- **Extracted information**
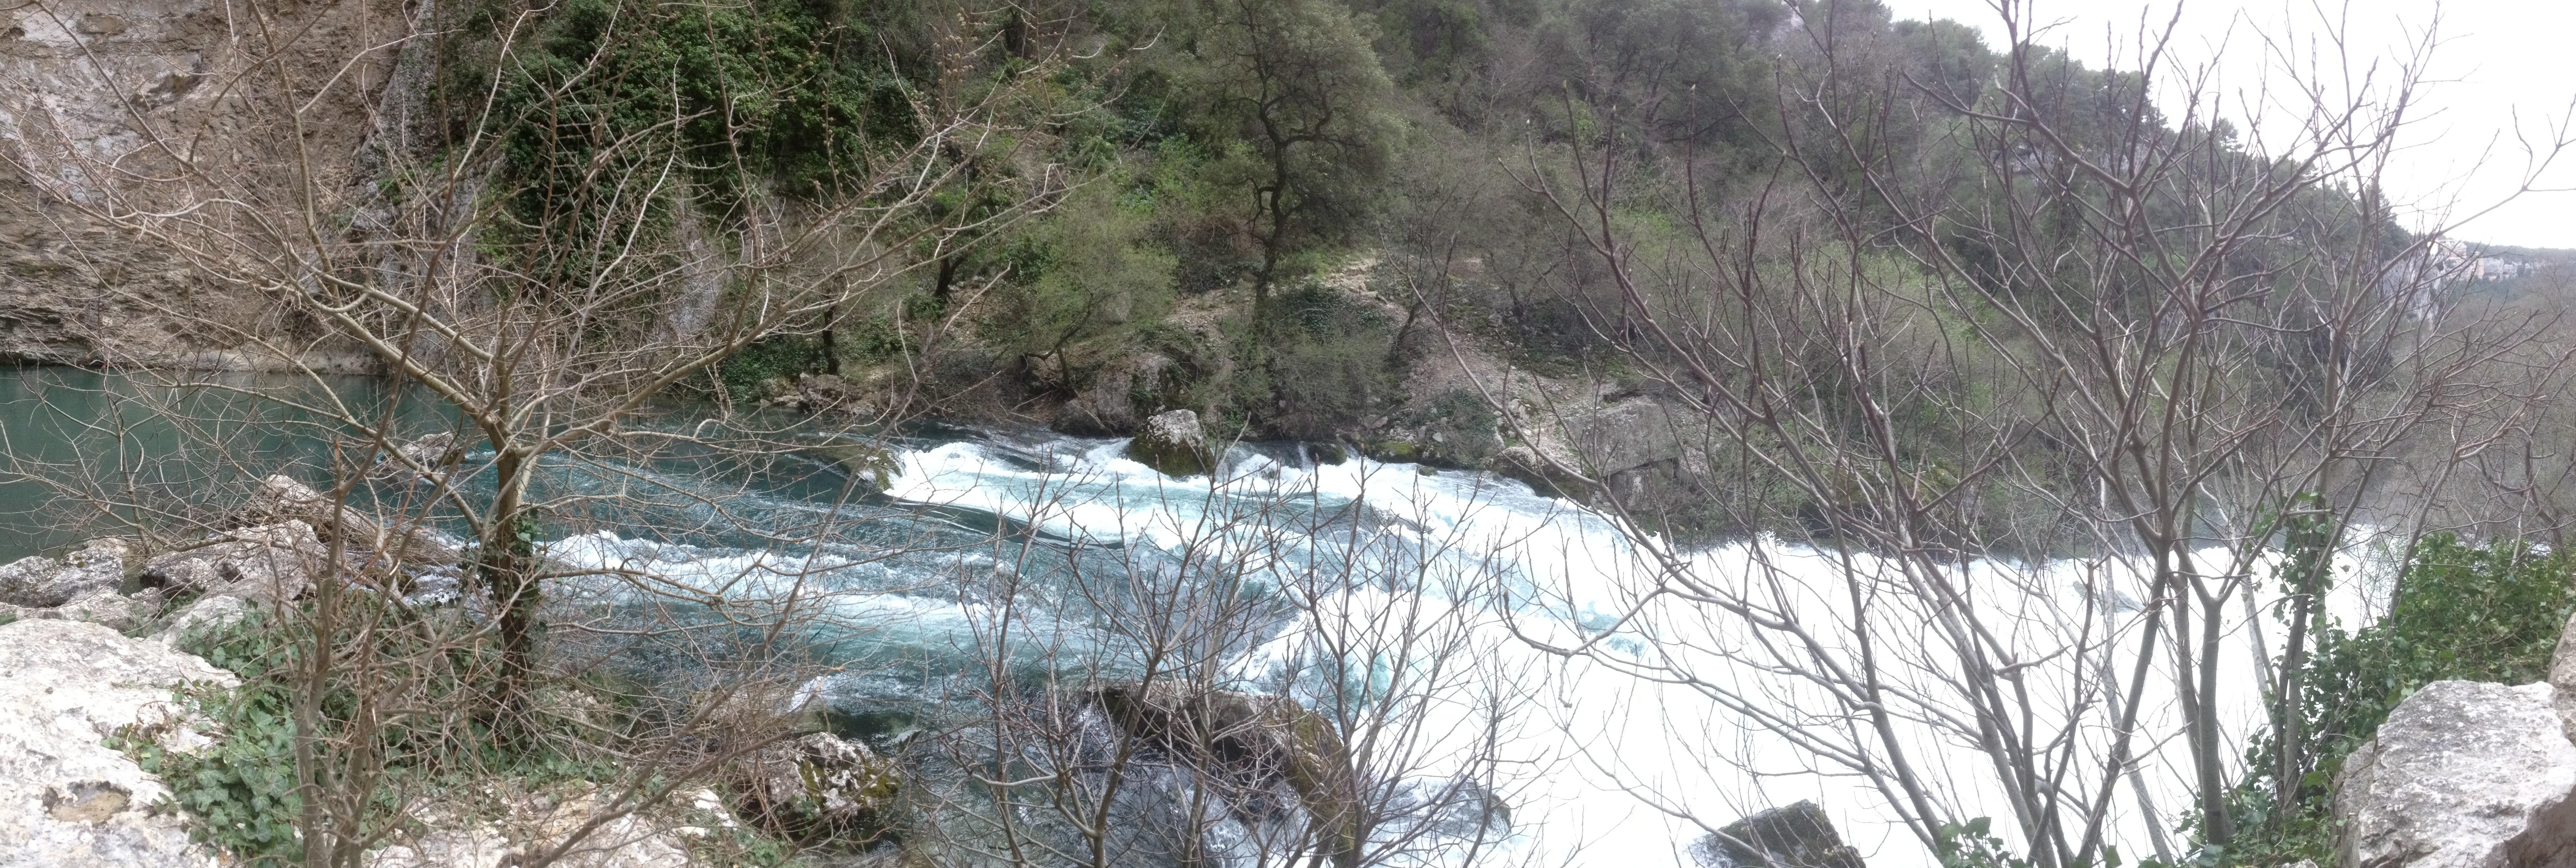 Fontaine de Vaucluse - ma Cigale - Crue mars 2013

==

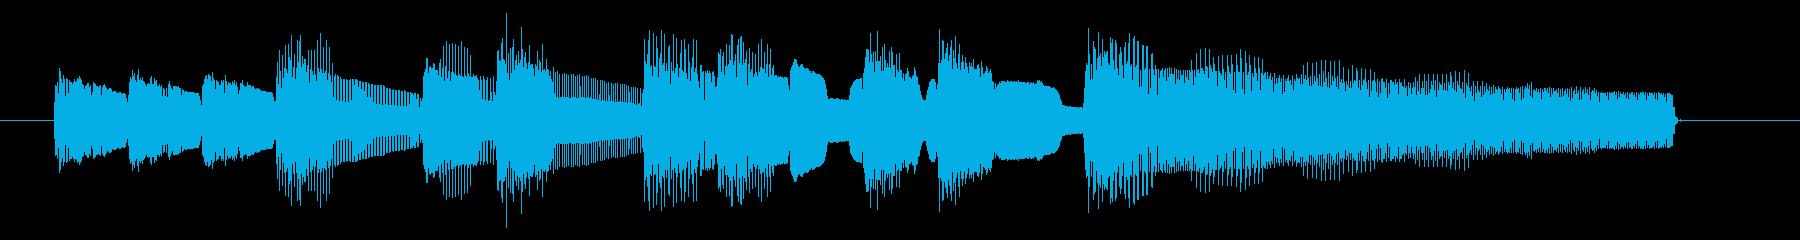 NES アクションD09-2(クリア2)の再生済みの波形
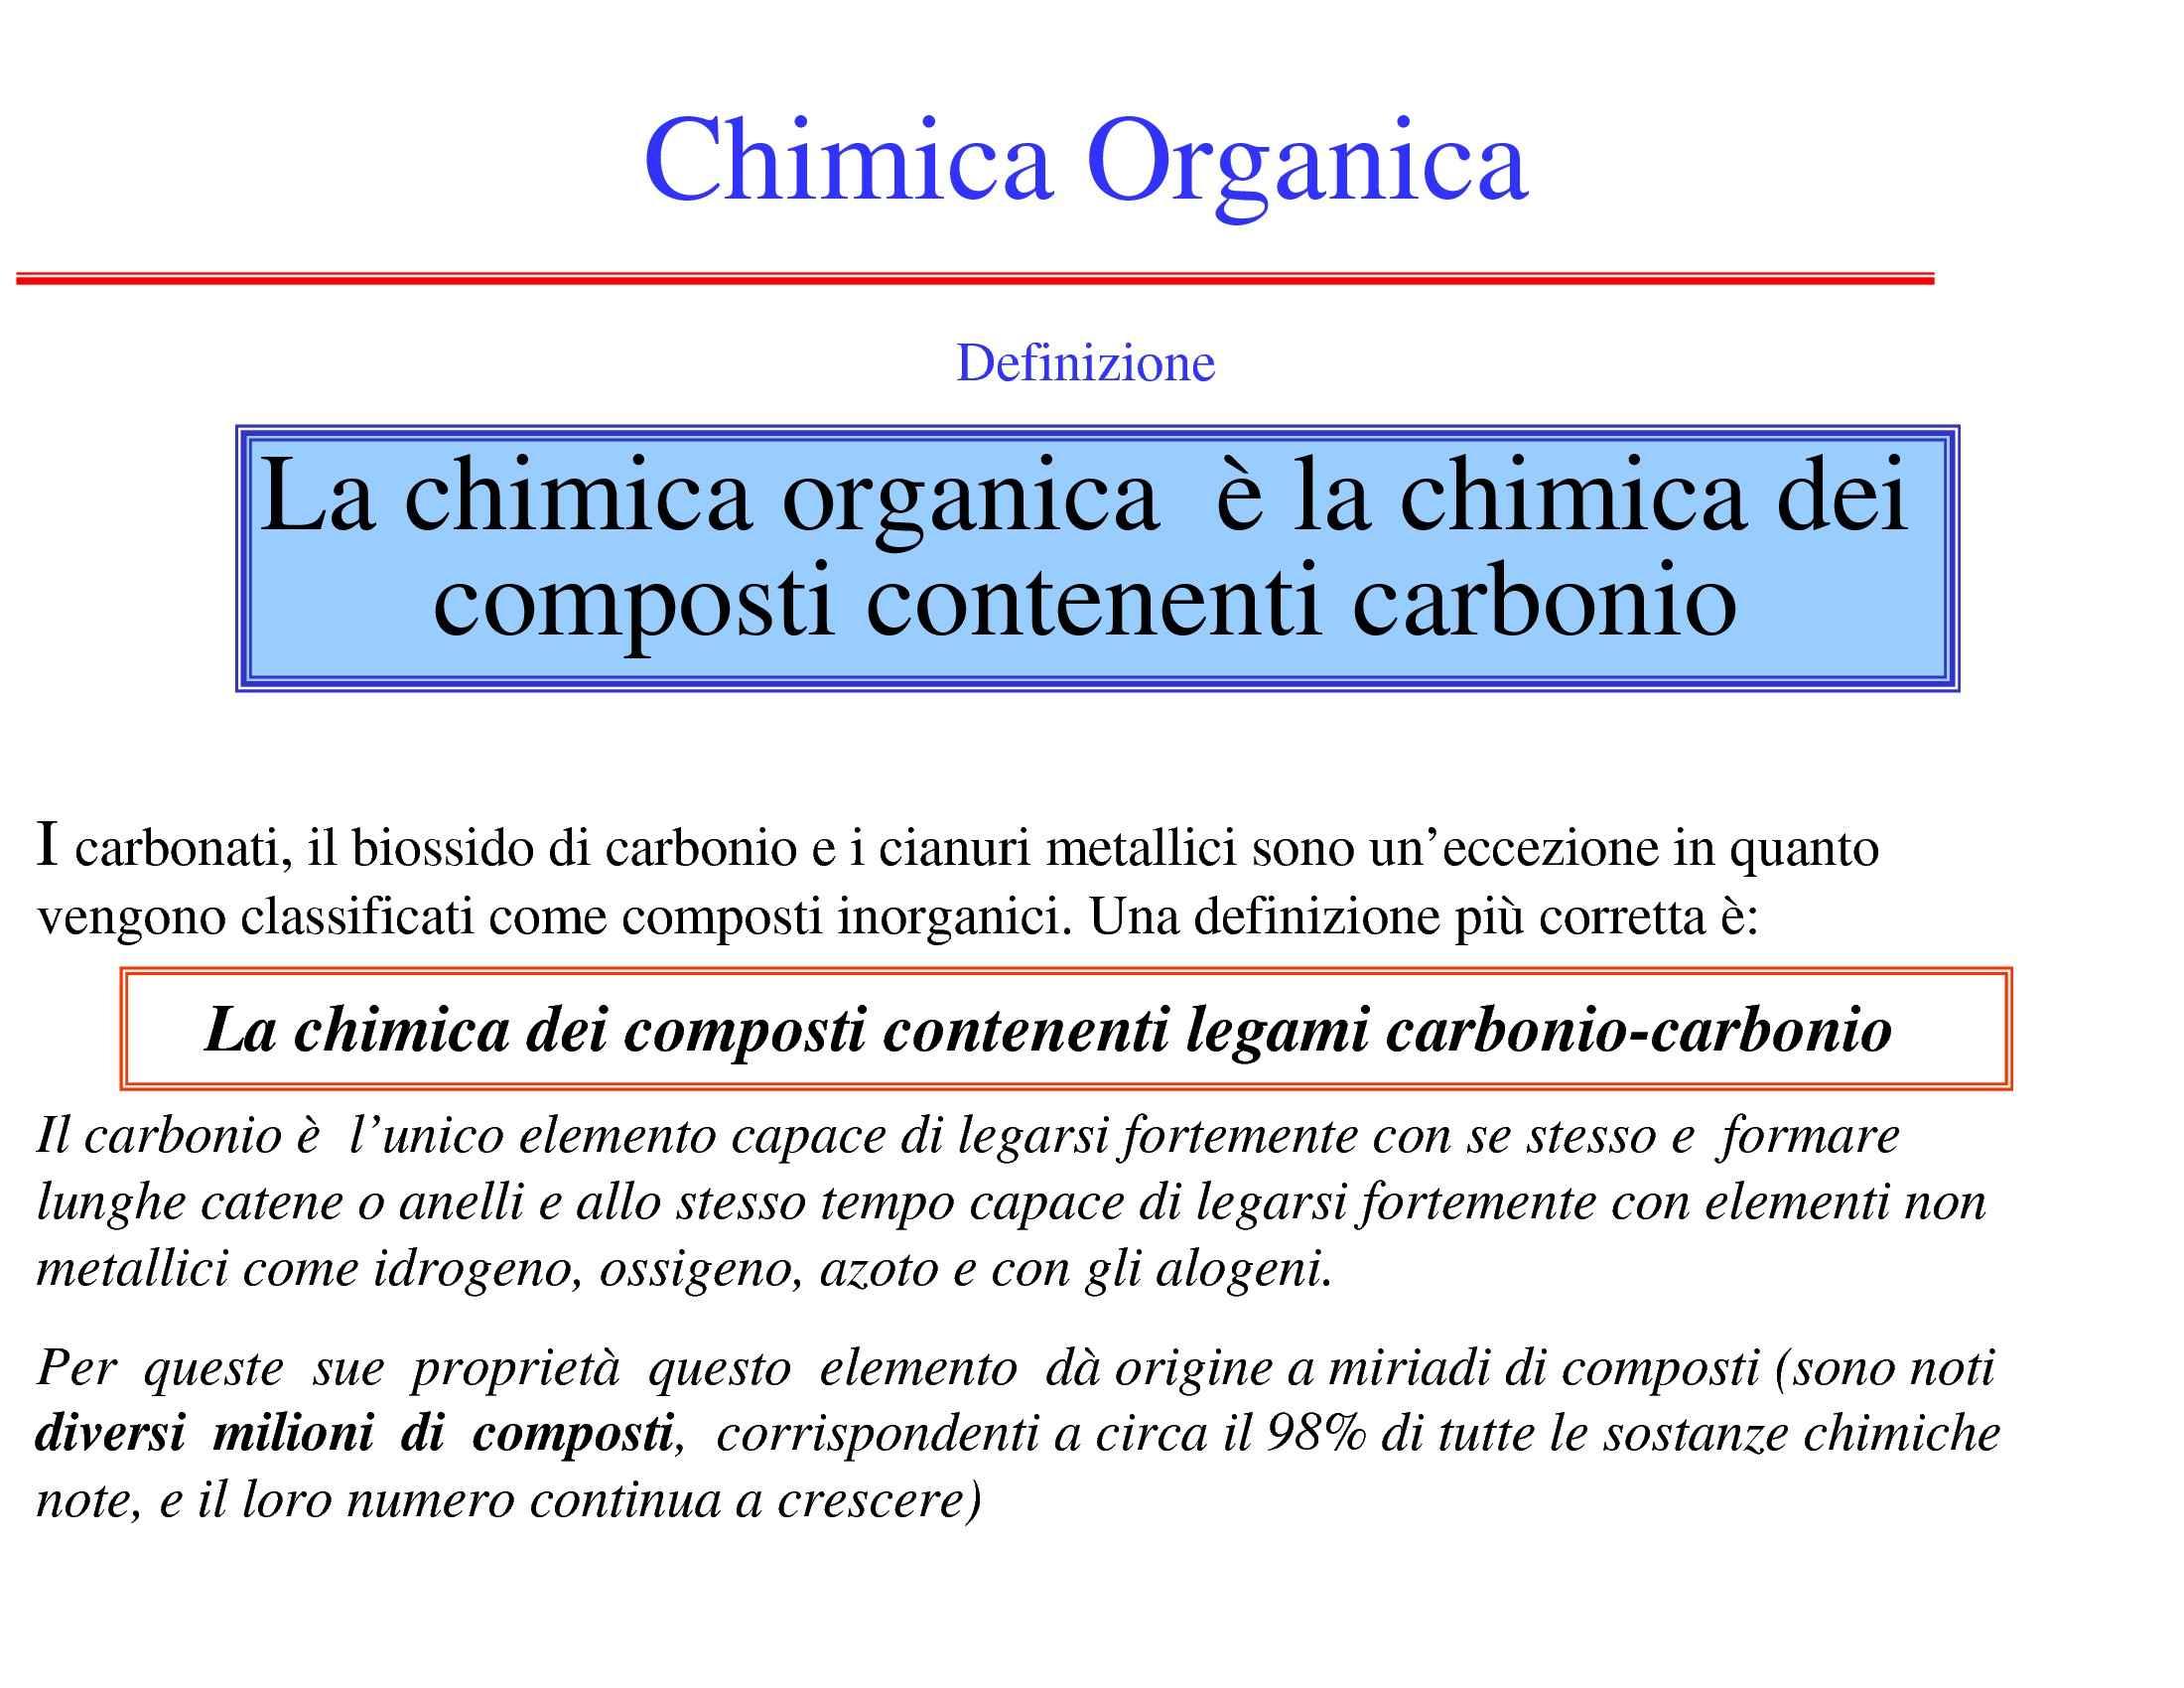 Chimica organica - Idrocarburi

- **Exercise objective**
Copy exactly the lines of the listing above between the one holding "NES アクションD09-2(クリア2)の再生済みの波形" and the one holding "Chimica organica - Idrocarburi", inclusive; omit all pictures.

- **Answer**
 NES アクションD09-2(クリア2)の再生済みの波形
 Chimica organica - Idrocarburi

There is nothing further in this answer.